In February, Obama proposed lowering the federal rate to 25% for manufacturing companies and to 28% for other firms. Rep. Dave Camp (R-Mich.), chairman of the House Ways and Means Committee, has been pushing a plan to lower the rate to 25% for all corporations.


In both cases, the rate cuts would be accompanied by the elimination of some of the numerous tax breaks that allow many companies to pay a much lower effective tax rate — and sometimes to avoid paying any corporate taxes at all.


"The administration's position on this is very much in sync with what Republicans say they want, which is a lower rate and a broader base," said Jared Bernstein, a senior fellow at the Center on Budget and Policy Priorities and the former chief economist for Vice President Joe Biden.


But there still are some obstacles to a deal.


Some Democrats want to use an overhaul to increase the amount of tax revenue coming from corporations, while Republicans want to keep the amount the same. The White House and congressional Republicans also differ on how the U.S. should treat money earned abroad.


And the business community itself is divided. Many small companies file taxes as individuals. They're opposed to any "fiscal cliff" deal that would raise their rates while giving corporations a rate reduction.


Analysts said the obstacles could be overcome because there is consensus around the broader point that the U.S. needs to bring its corporate tax rate in line with other developed nations.


"Regardless of your political persuasion, it is unquestionably the case that the nominal U.S. corporate tax rate is much higher than that of peer countries," said Edward Kleinbard, a USC law professor and former chief of staff of Congress' Joint Committee on Taxation.
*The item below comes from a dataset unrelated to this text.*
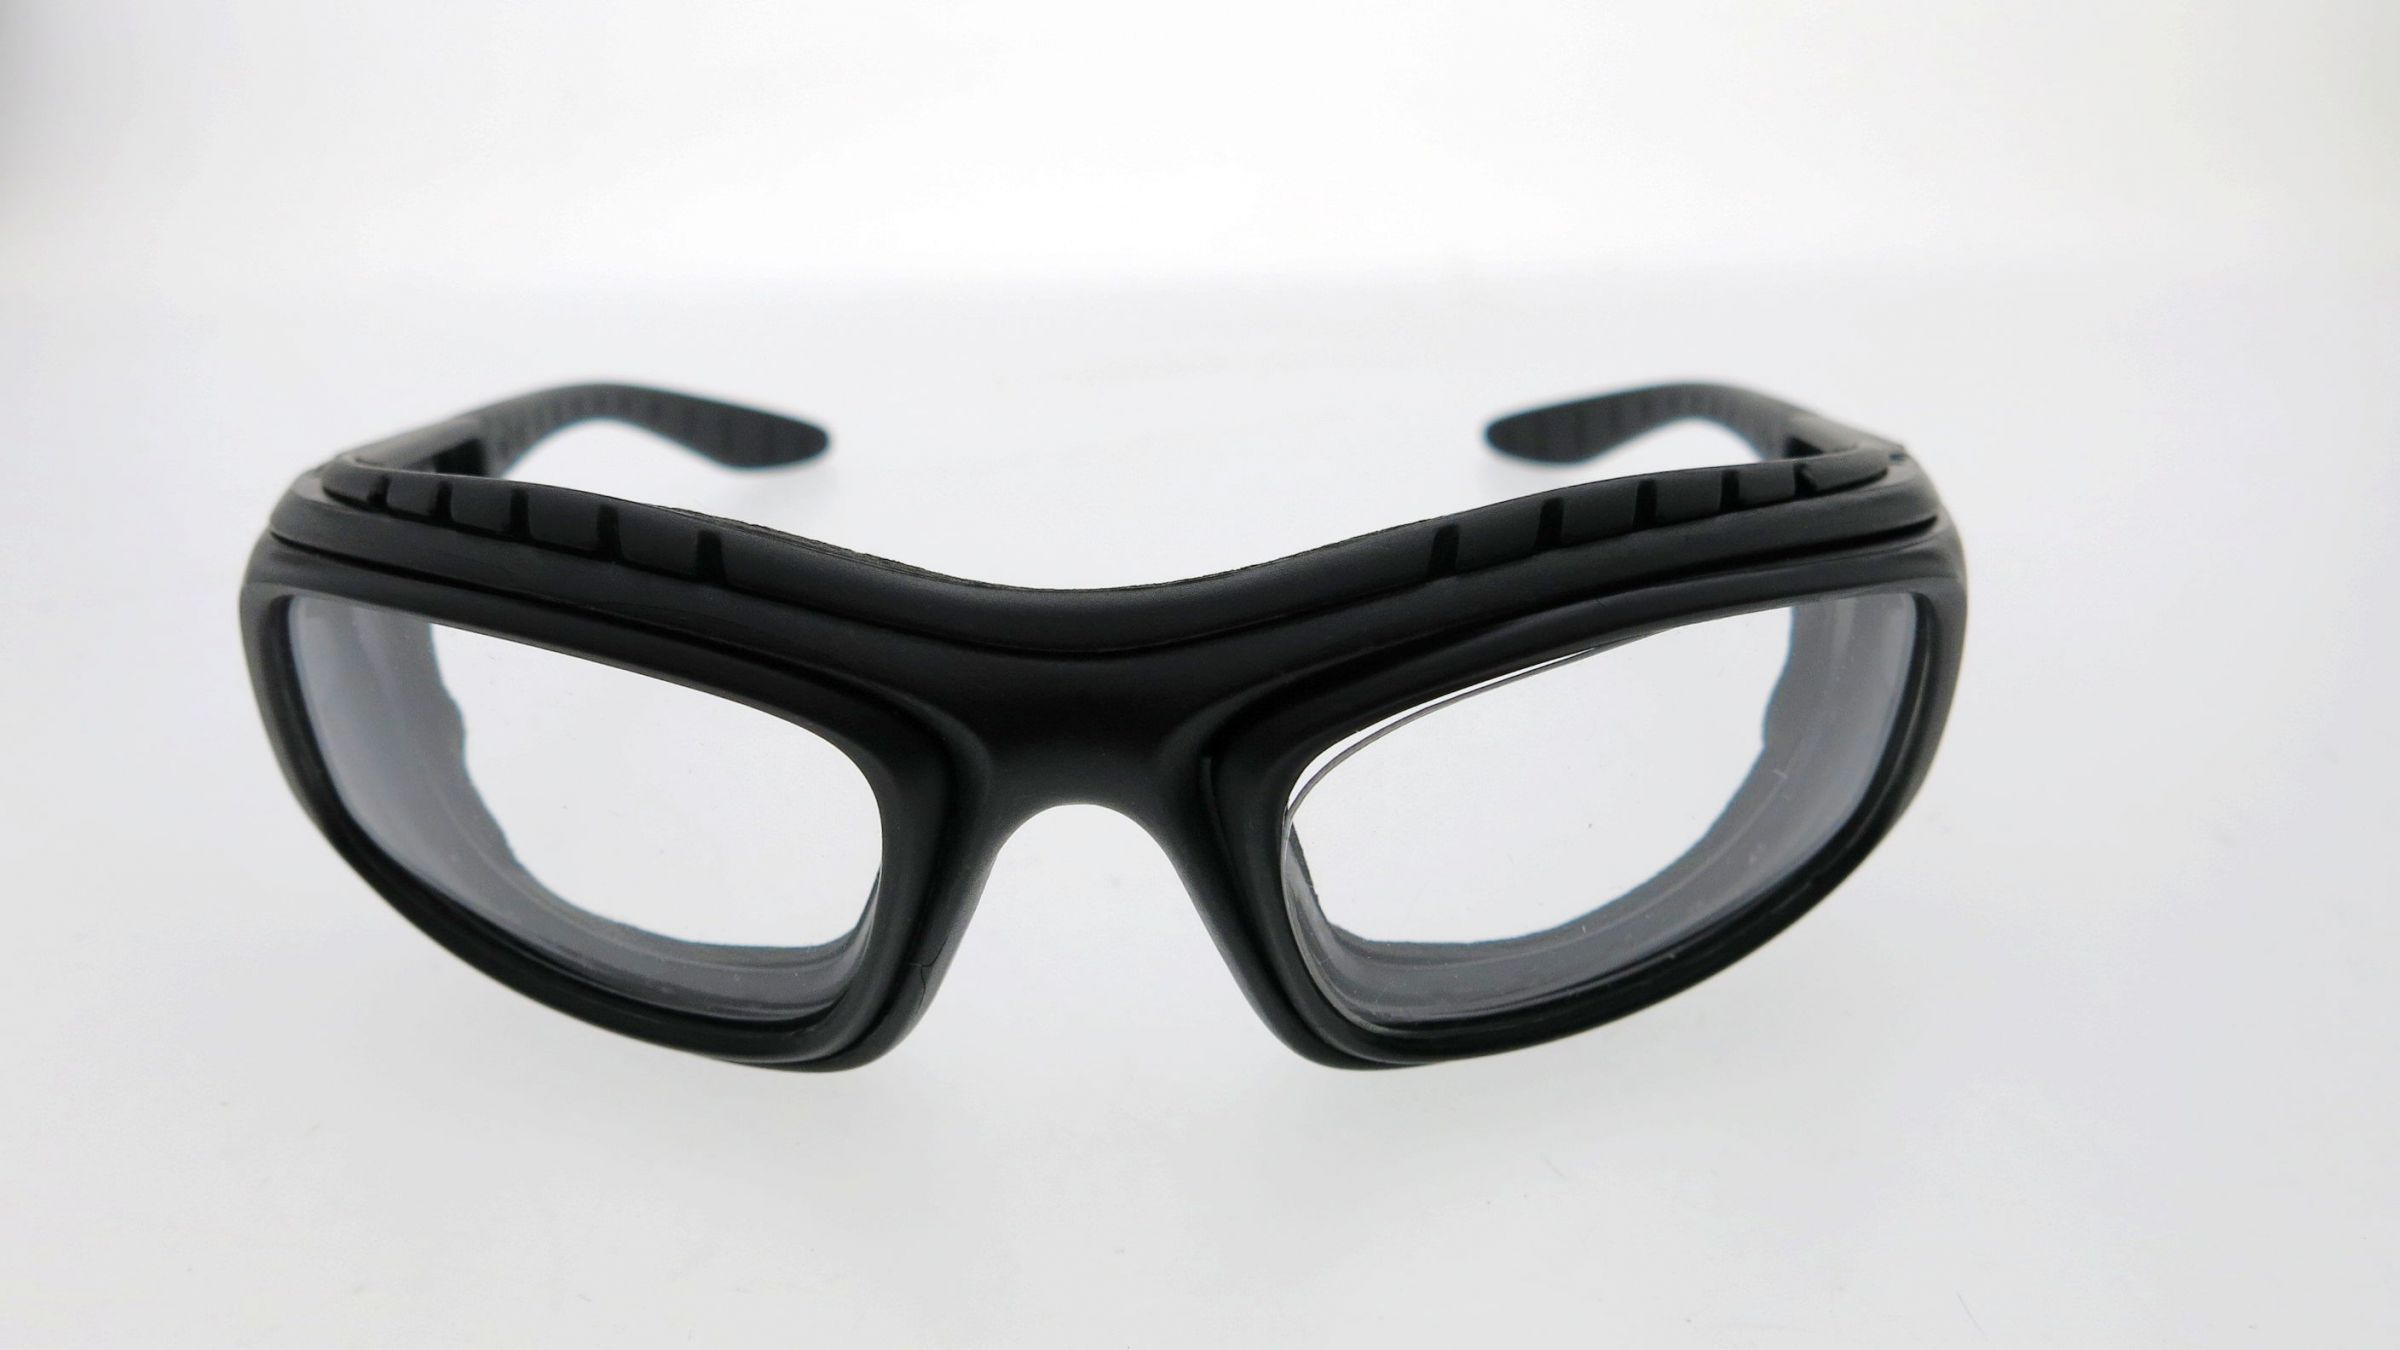 النظارات الواقية لتجربة رياضية آمنة وممتعة - أهمية النظارات الواقية لراكبي الدراجات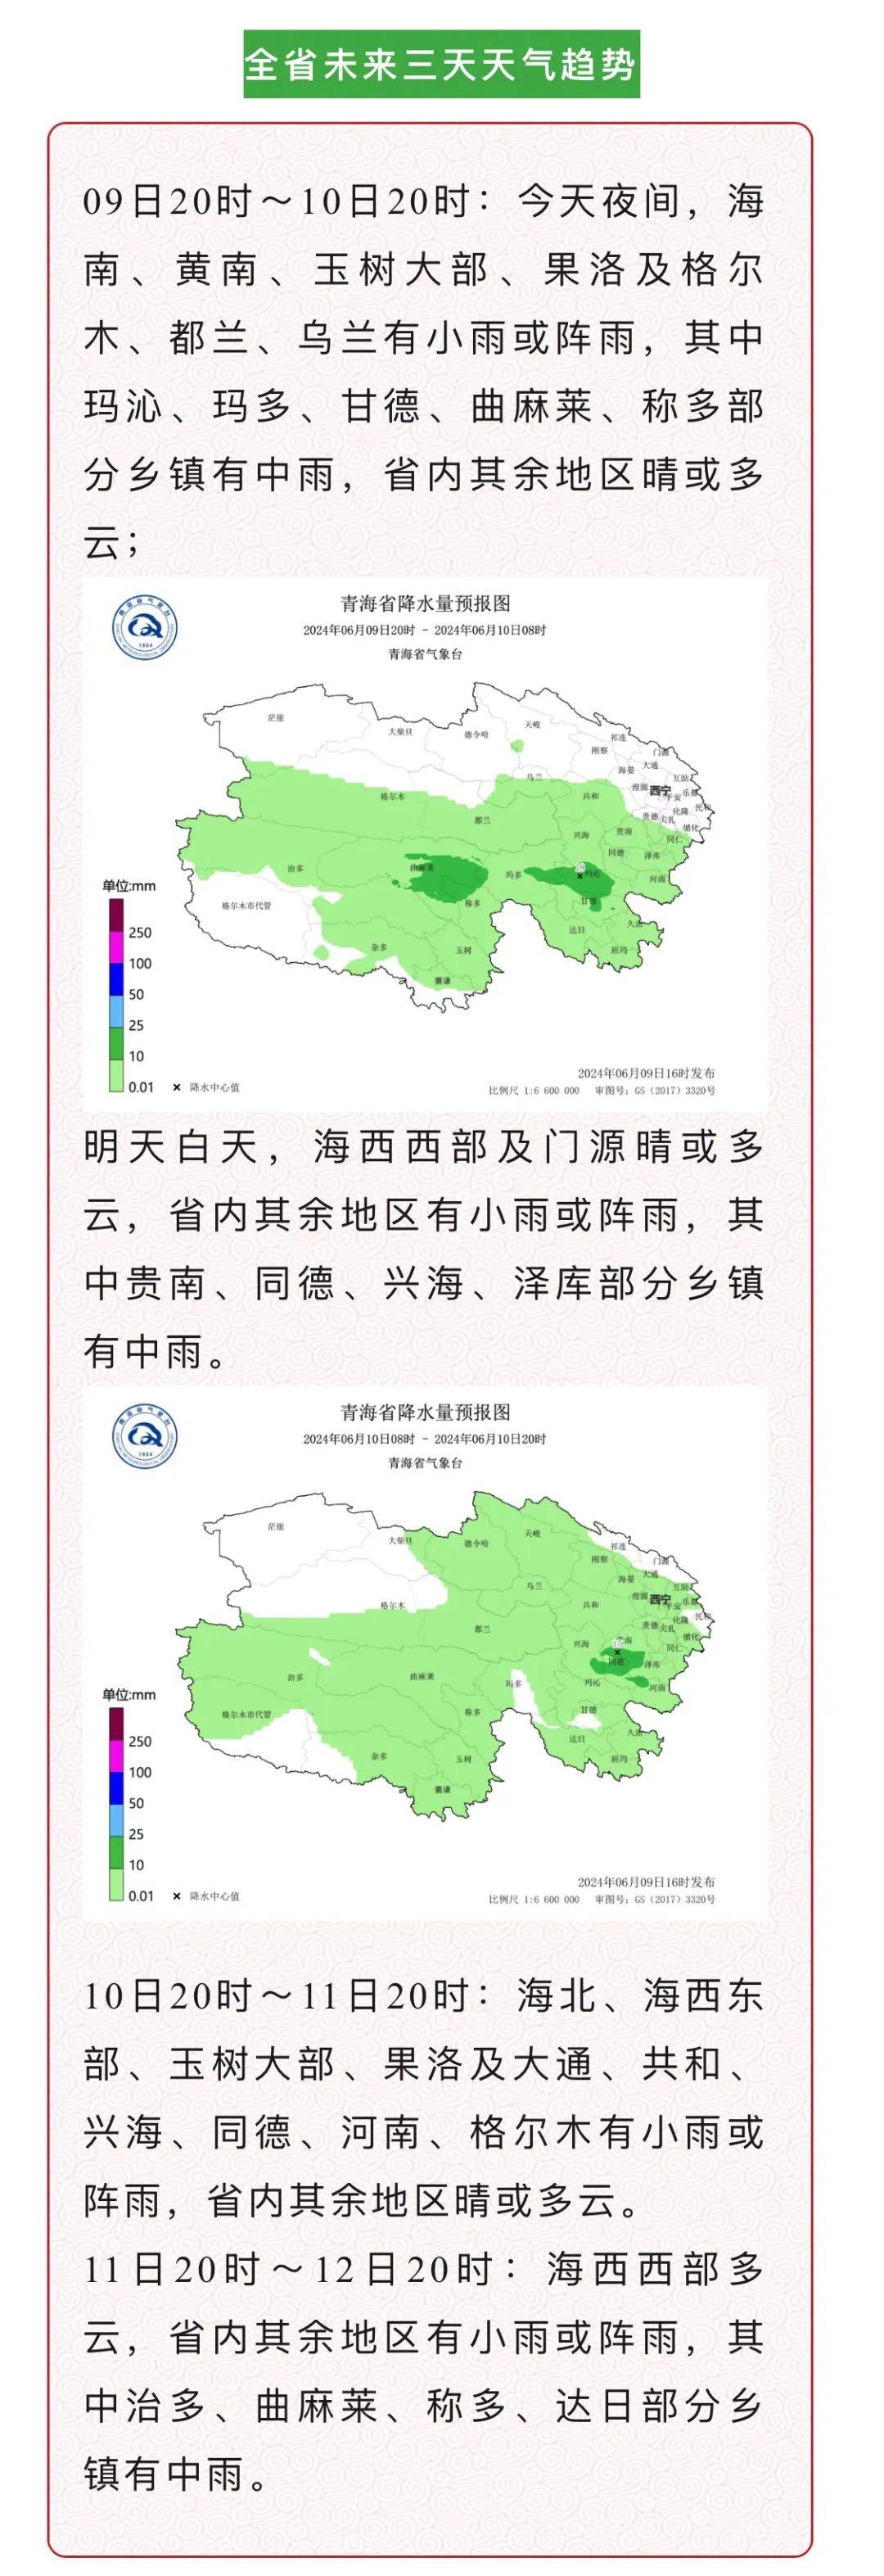 全省主要城镇天气预报西宁未来三天天气预报东部农业区天气全省主要

The case for corporate tax reform got a boost when the overall U.S. rate of 39.1%, which includes federal, state and local corporate taxes, became the highest this year among the 34 nations in the Organization for Economic Cooperation and Development. Two decades ago, the U.S. was 13th.


"At one time in the '80s, we had a competitive corporate tax rate," said Dorothy Coleman, vice president of tax and domestic economic policy for the National Assn. of Manufacturers. "We've fallen behind by standing still."


Quiz: The year in business


But the rate in the tax code isn't what many companies pay because of a host of deductions and tax credits. In 2011, the effective corporate tax rate in the U.S. was 29.2%, roughly in line with the 31.9% average of the six other largest developed economies, the Obama administration said.


The White House said that parity does not mean the statutory rate shouldn't be reduced. It simply means that many tax breaks should be eliminated, allowing the rate to be lowered without adding to the deficit.